■ **Information shown**:
------
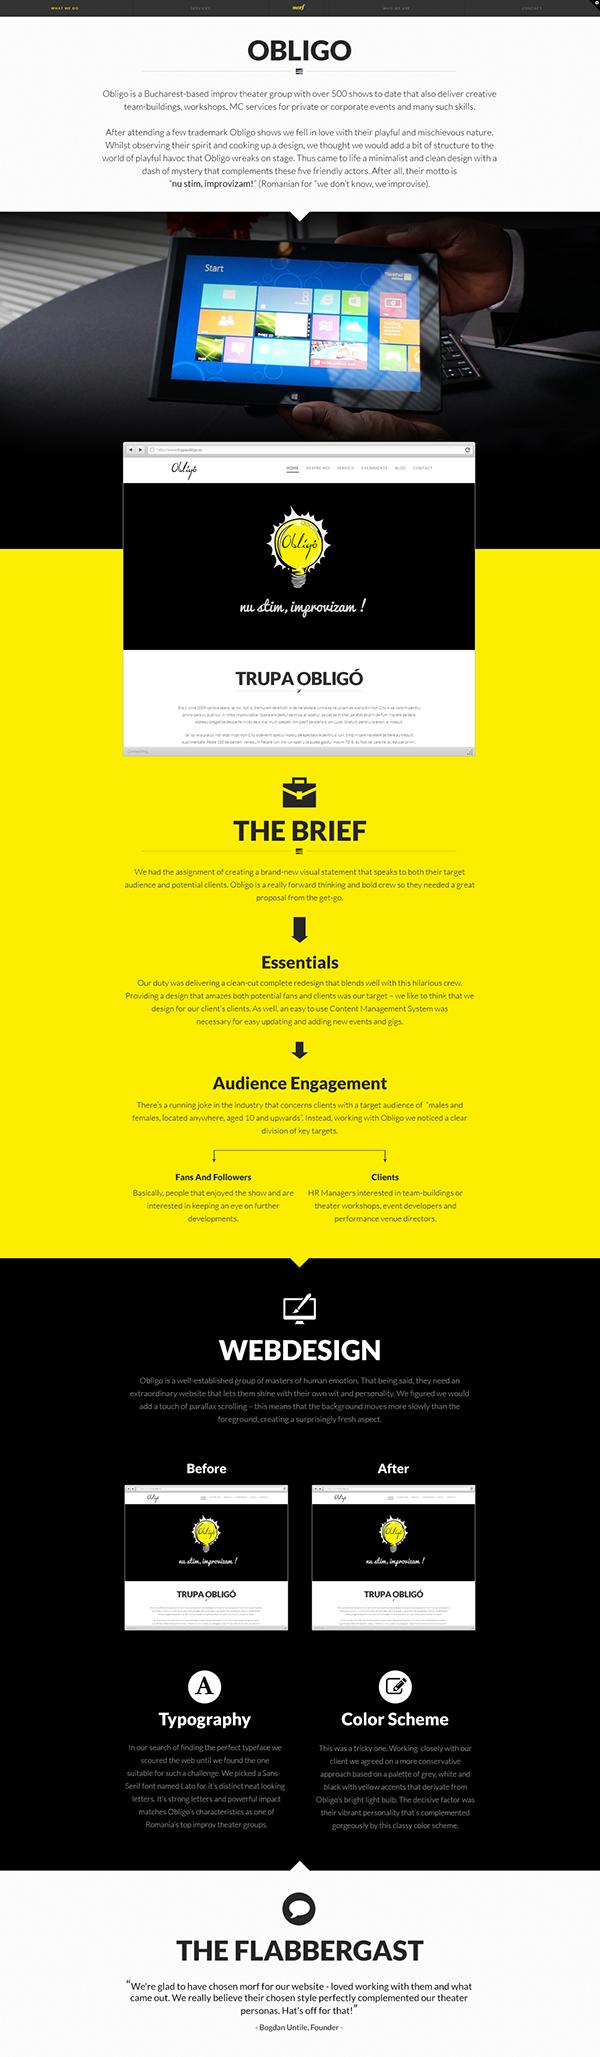 Webdesign redesign theater
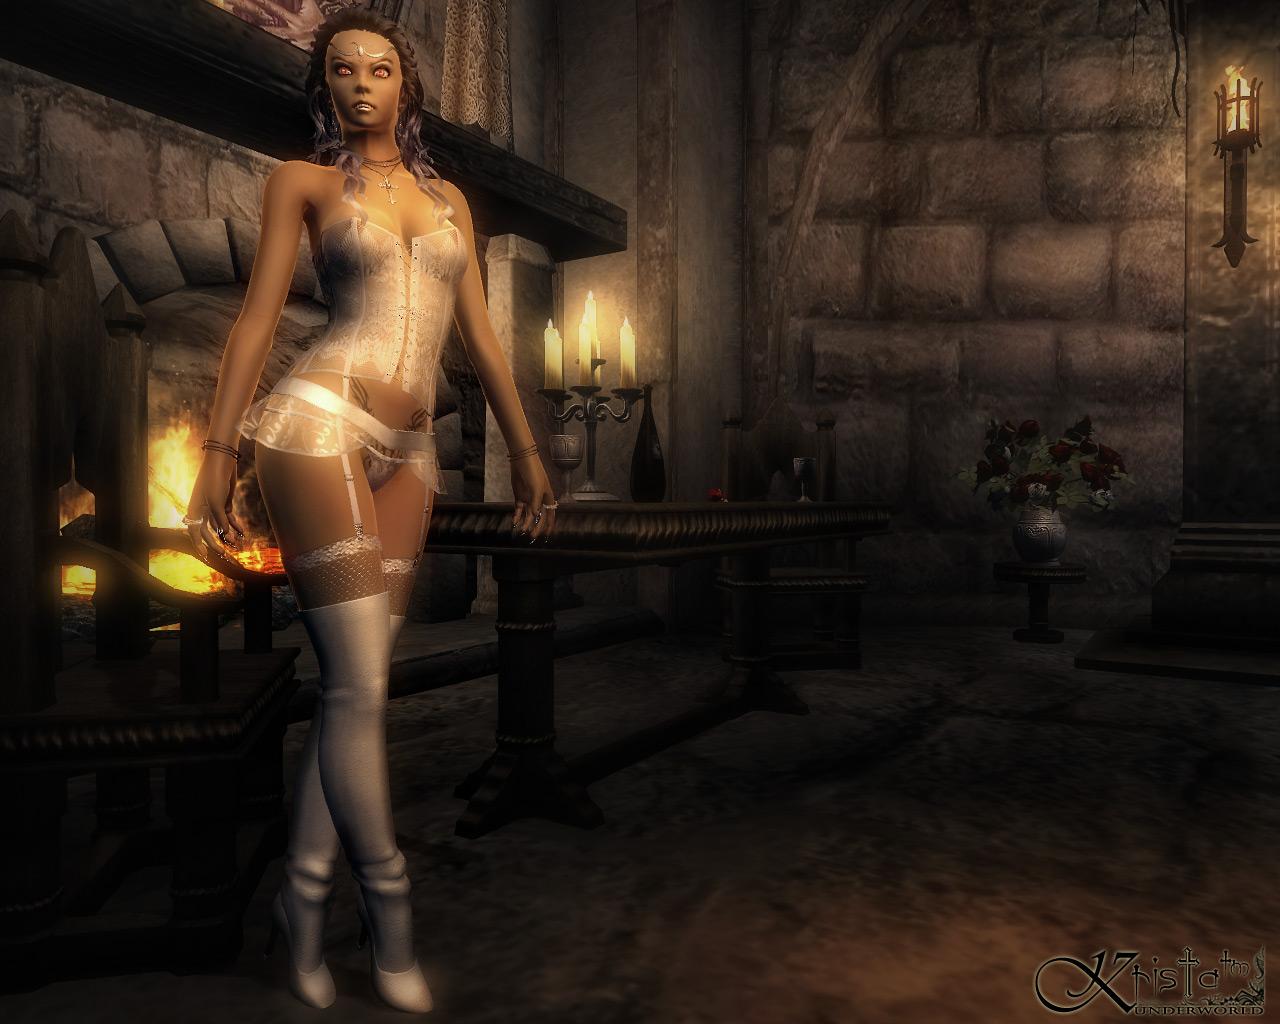 Oblivion erect erotic scene
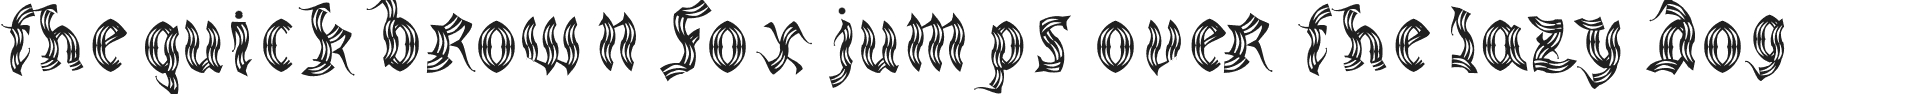 medieval font free
------
■ **Goal of the exercise**: Leave out the pictures and output the rest of the material exactly as written.

■ **Finished exercise**:
 Webdesign redesign theater
 Oblivion erect erotic scene
 medieval font free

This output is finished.